**EXERCISE DETAILS**.
Restate, word for word, the run of lines that starts at the line containing "Apparatus for spreading" and ends with the final line of the listing. Leave pictures out.

**THE DATA**.
......

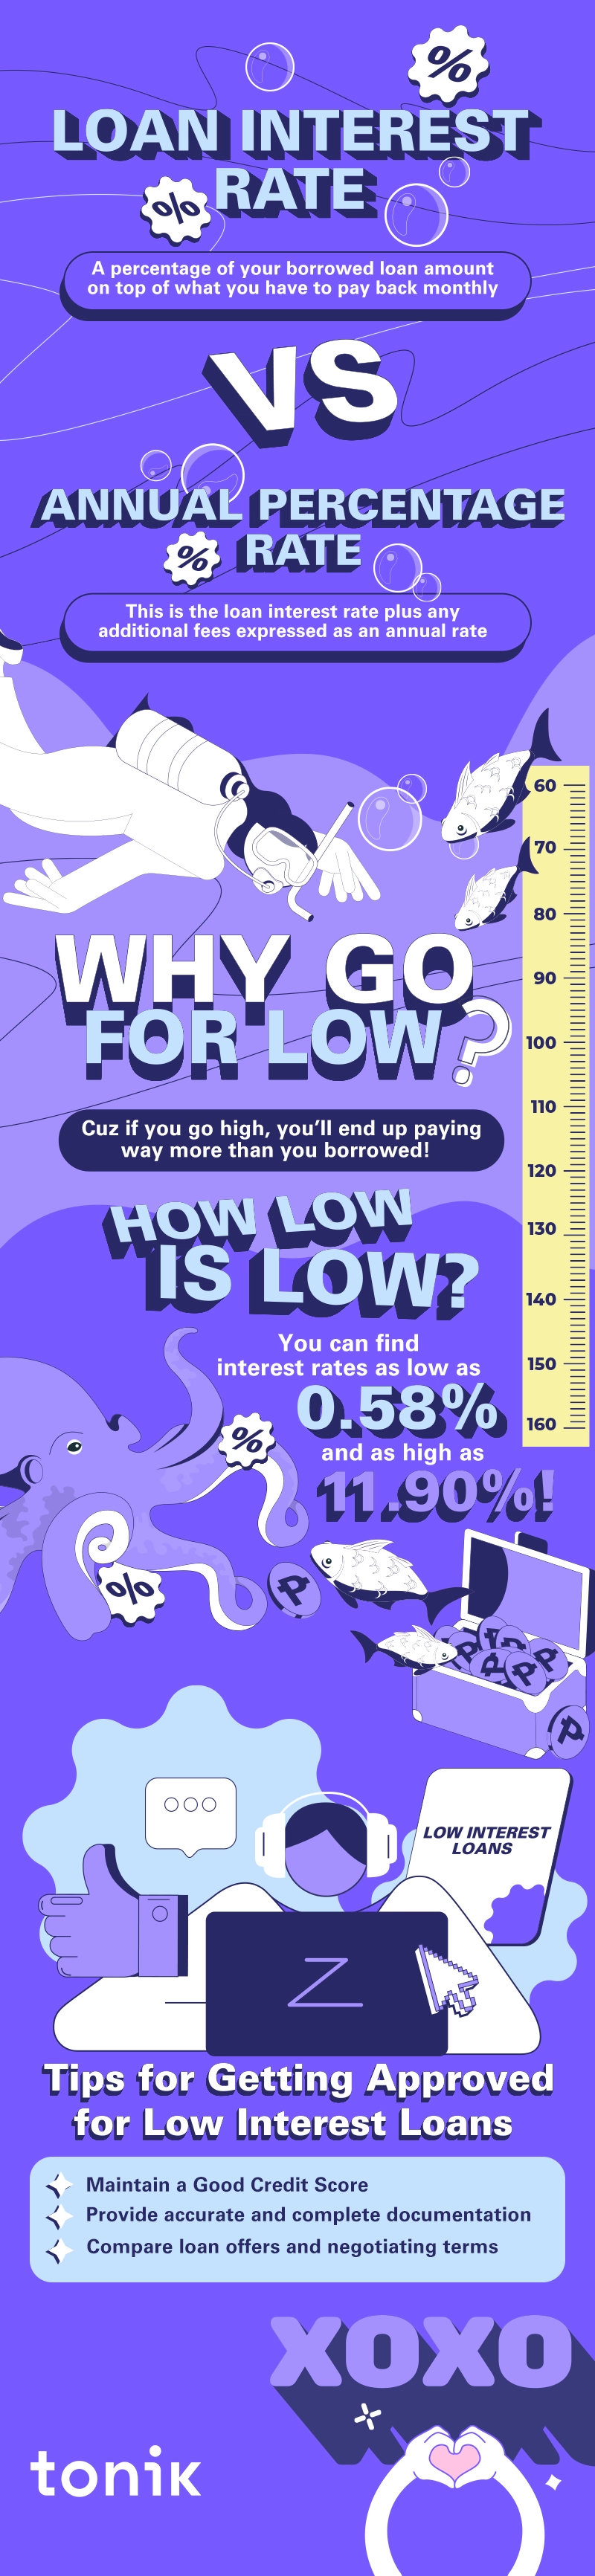 infrographic about online loans with low interest rates in the Philippines
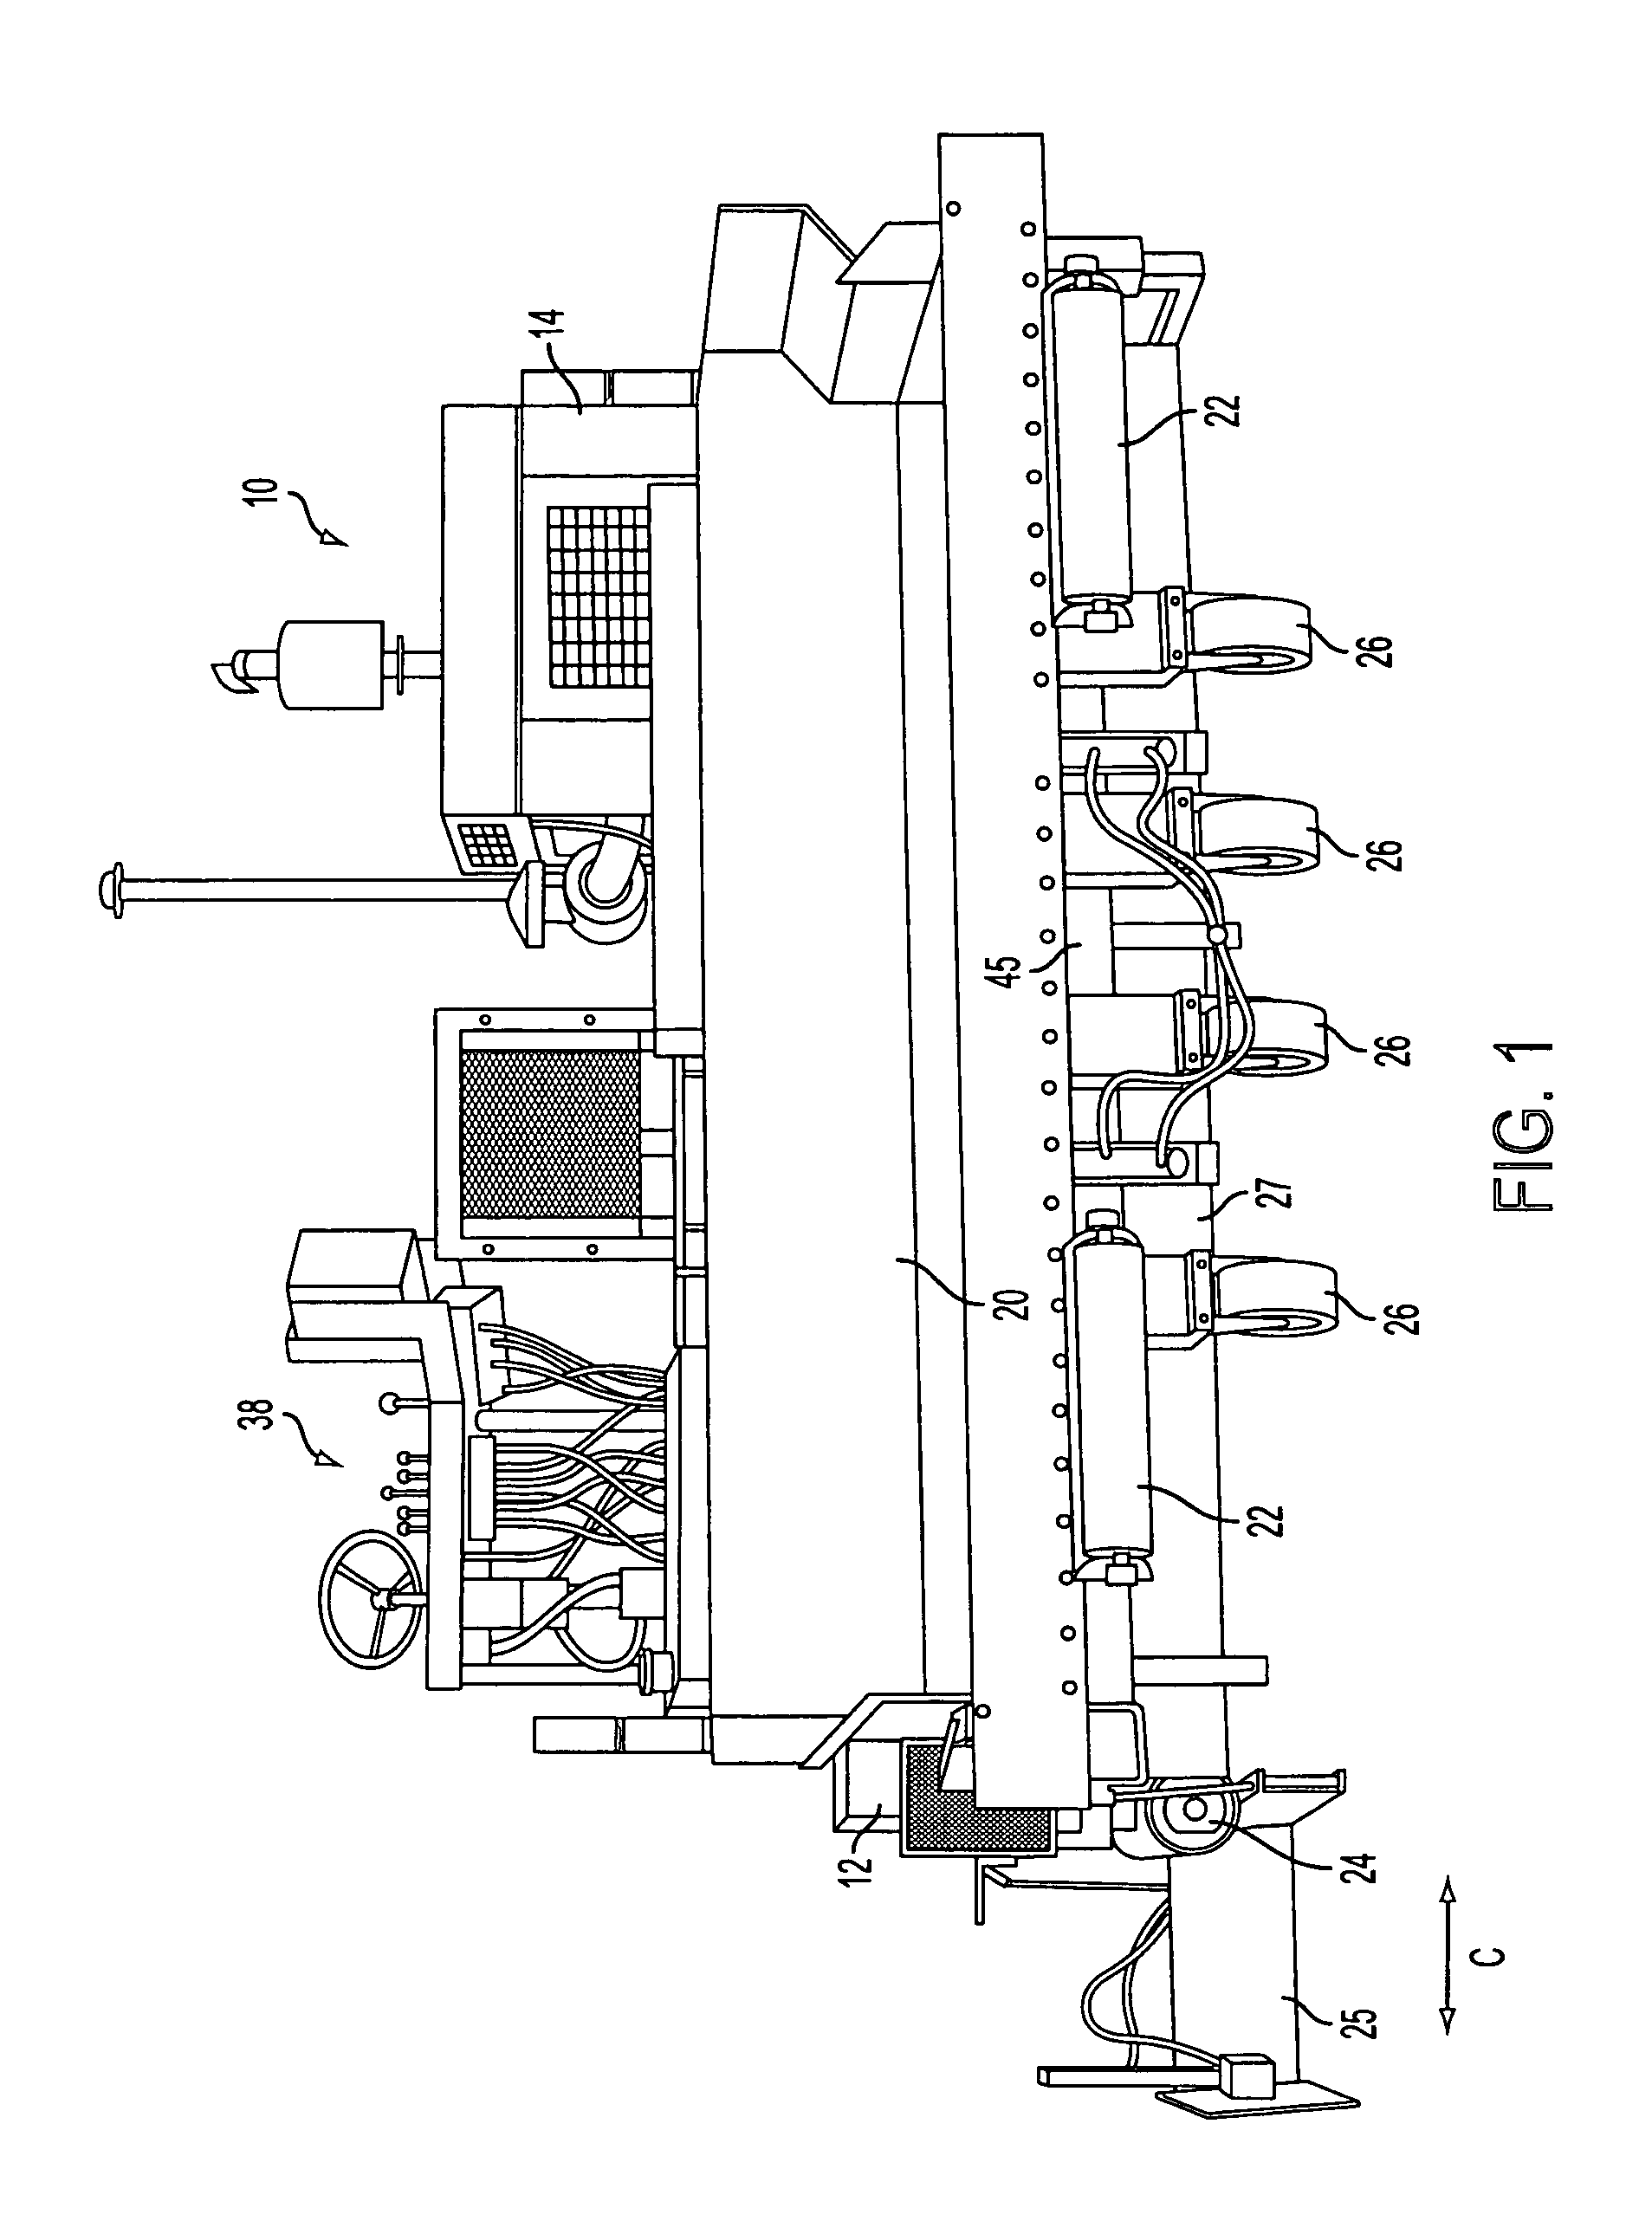 Apparatus for spreading aggregate material on a road berm
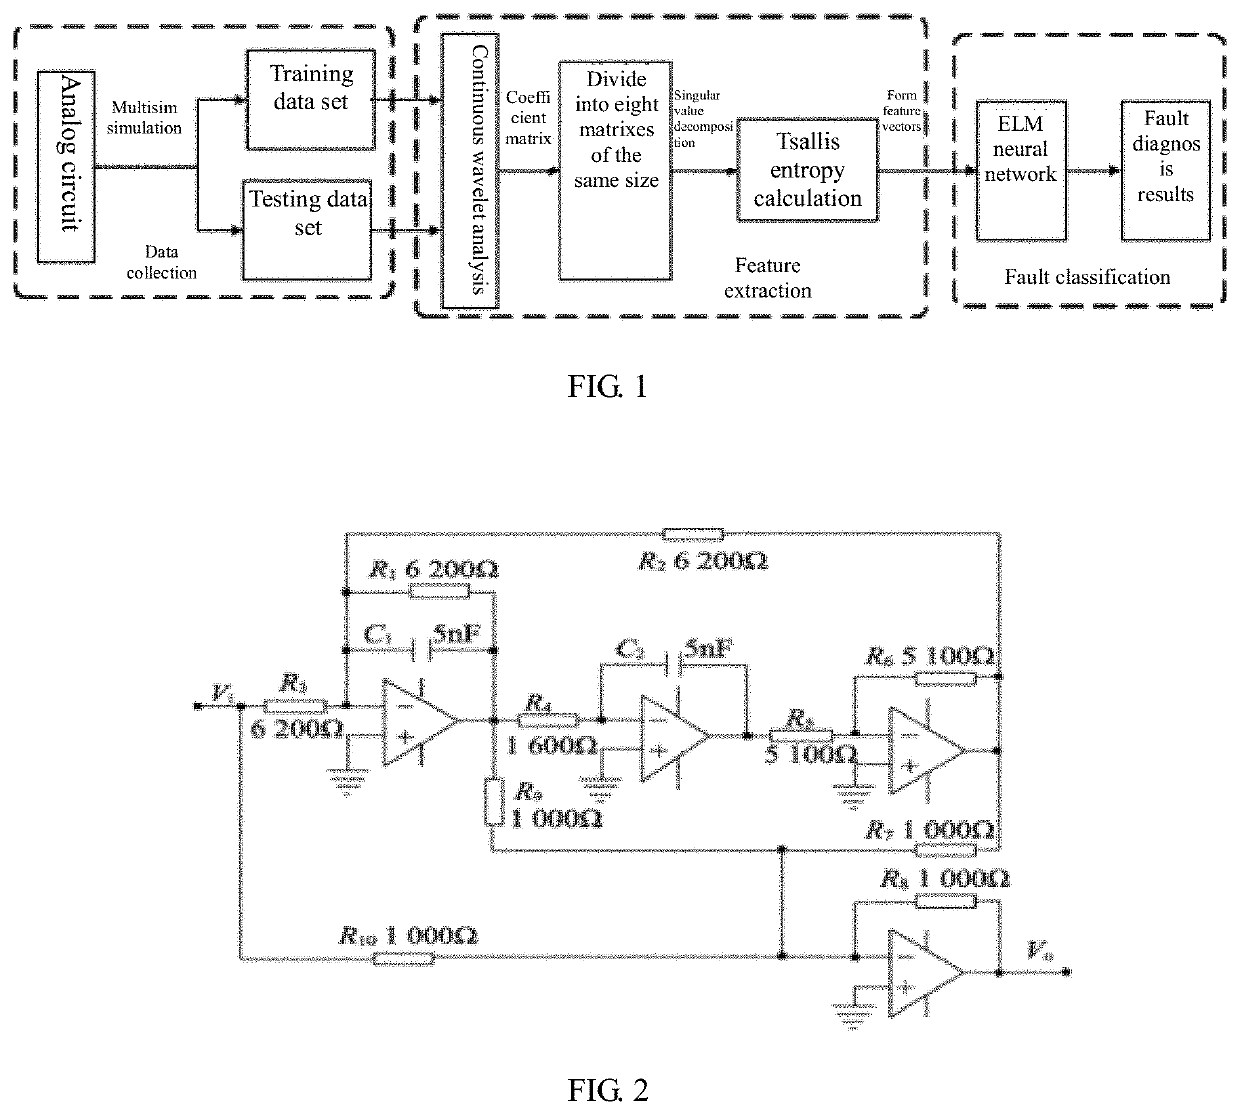 Analog-circuit fault diagnosis method based on continuous wavelet analysis and elm network

......

**RESPONSE**.
 Apparatus for spreading aggregate material on a road berm
 Analog-circuit fault diagnosis method based on continuous wavelet analysis and elm network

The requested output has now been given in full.